Kinder lernen Töpferhandwerk

Fürs Eiersuchen fühlen sie sich ohnehin schon viel zu erwachsen. Da kam für acht Kinder das Angebot, über die Ostertage in der Jugend-Kunst-Schule die alte Kulturtechnik des Töpferns mit rotierender Scheibe zu erlernen, gerade recht.

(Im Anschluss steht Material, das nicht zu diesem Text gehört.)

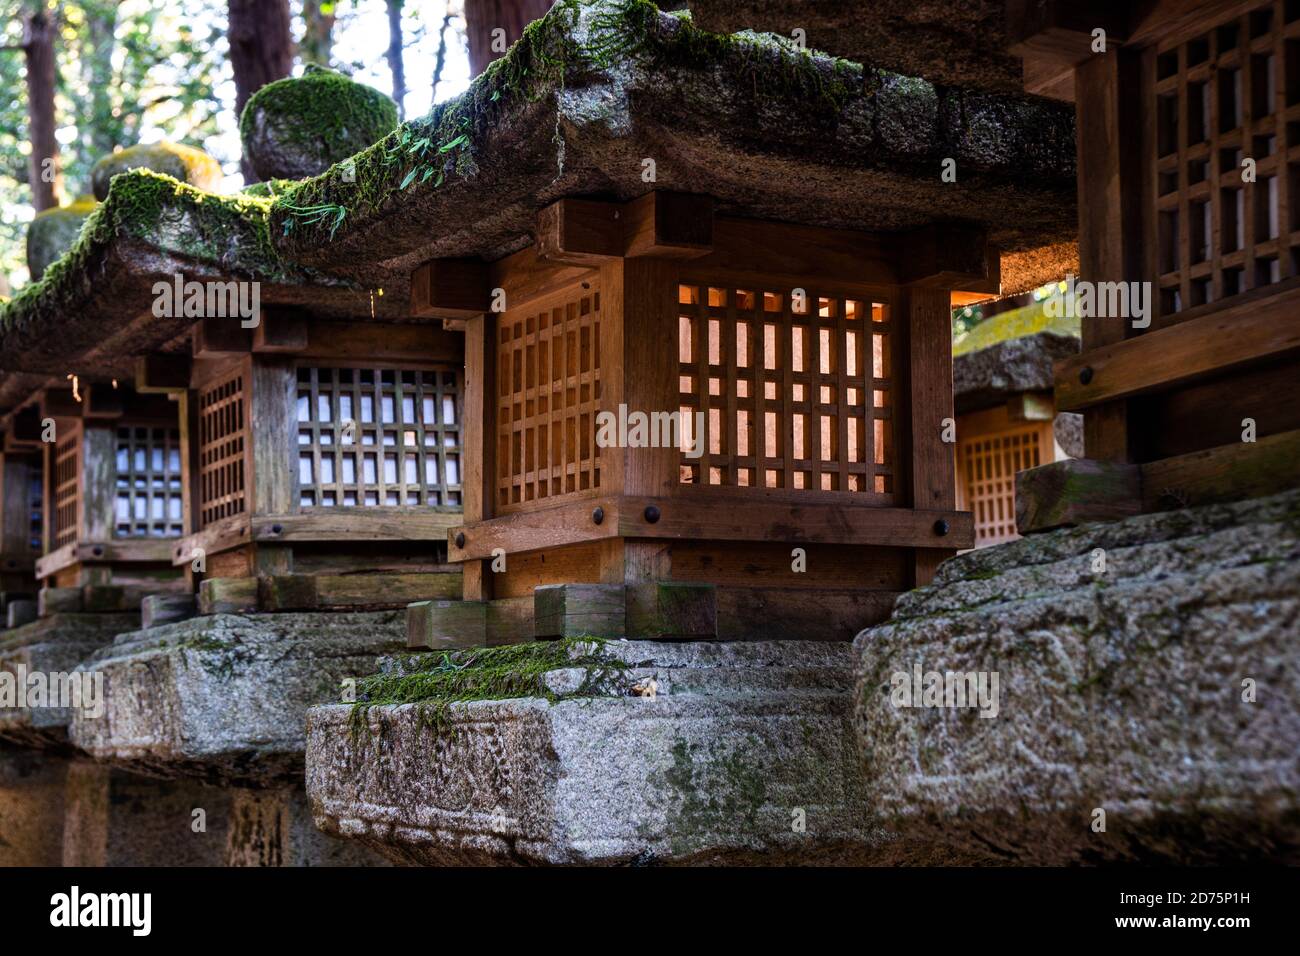 Stone and wood lantern at shinto shrine in Japan. Stock Photo
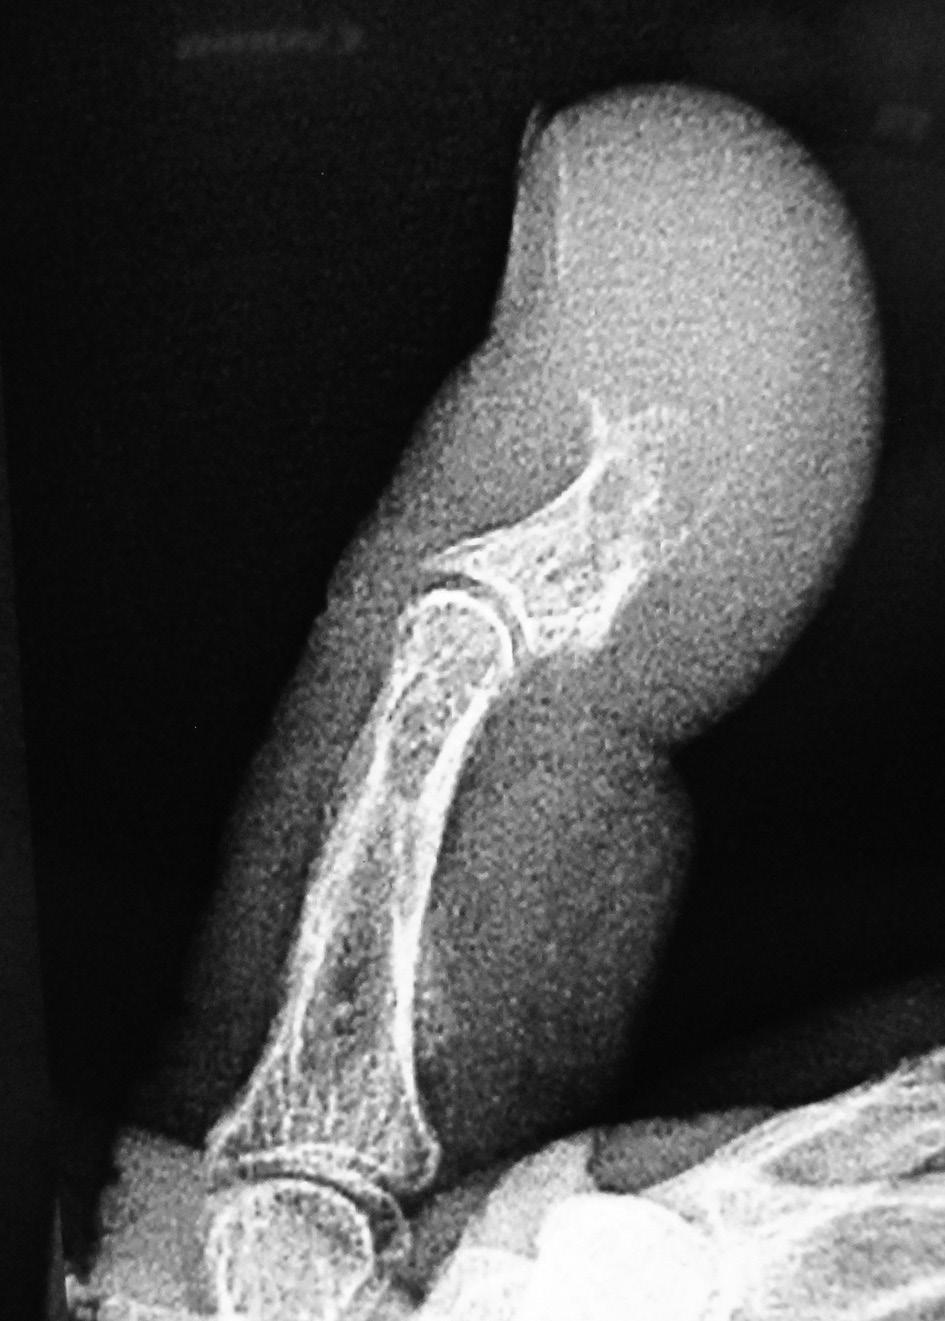 Anteroposterior Radiographic View of the Distal Phalanx of the Thumb Showing

Nach Herzenslust im feuchten Ton wühlen – das ist so richtig nach dem Geschmack von Alyssa. Als der Workshop „Völlig abgedreht – Töpfern mit der Scheibe“ am vergangenen Montag startete, wusste die Neunjährige sofort, was unter ihren kreativen Händen entstehen sollte: „Eine Spardose in Form eines Osterhasen, so was habe ich mir schon lange gewünscht.“
Auch ihre sieben Kollegen im Alter zwischen acht und zwölf Jahren waren mit genauen Vorstellungen zu Dirk Wenke gekommen. „Schalen, Töpfe, Teller, Vasen – und viele Tiere“, resümiert der Kursleiter am letzten Workshop-Tag. Besonders die Arbeit mit der rotierenden Töpferscheibe machte den Kindern Spaß, das Zentrieren der Tonmasse und zu verhindern, dass das Material ins Schlingern gerät, verlangte letzte Woche viel Einfühlungsvermögen. Doch die Kids lernten schnell: „Es waren echte Naturtalente dabei“, so Wenke anerkennend.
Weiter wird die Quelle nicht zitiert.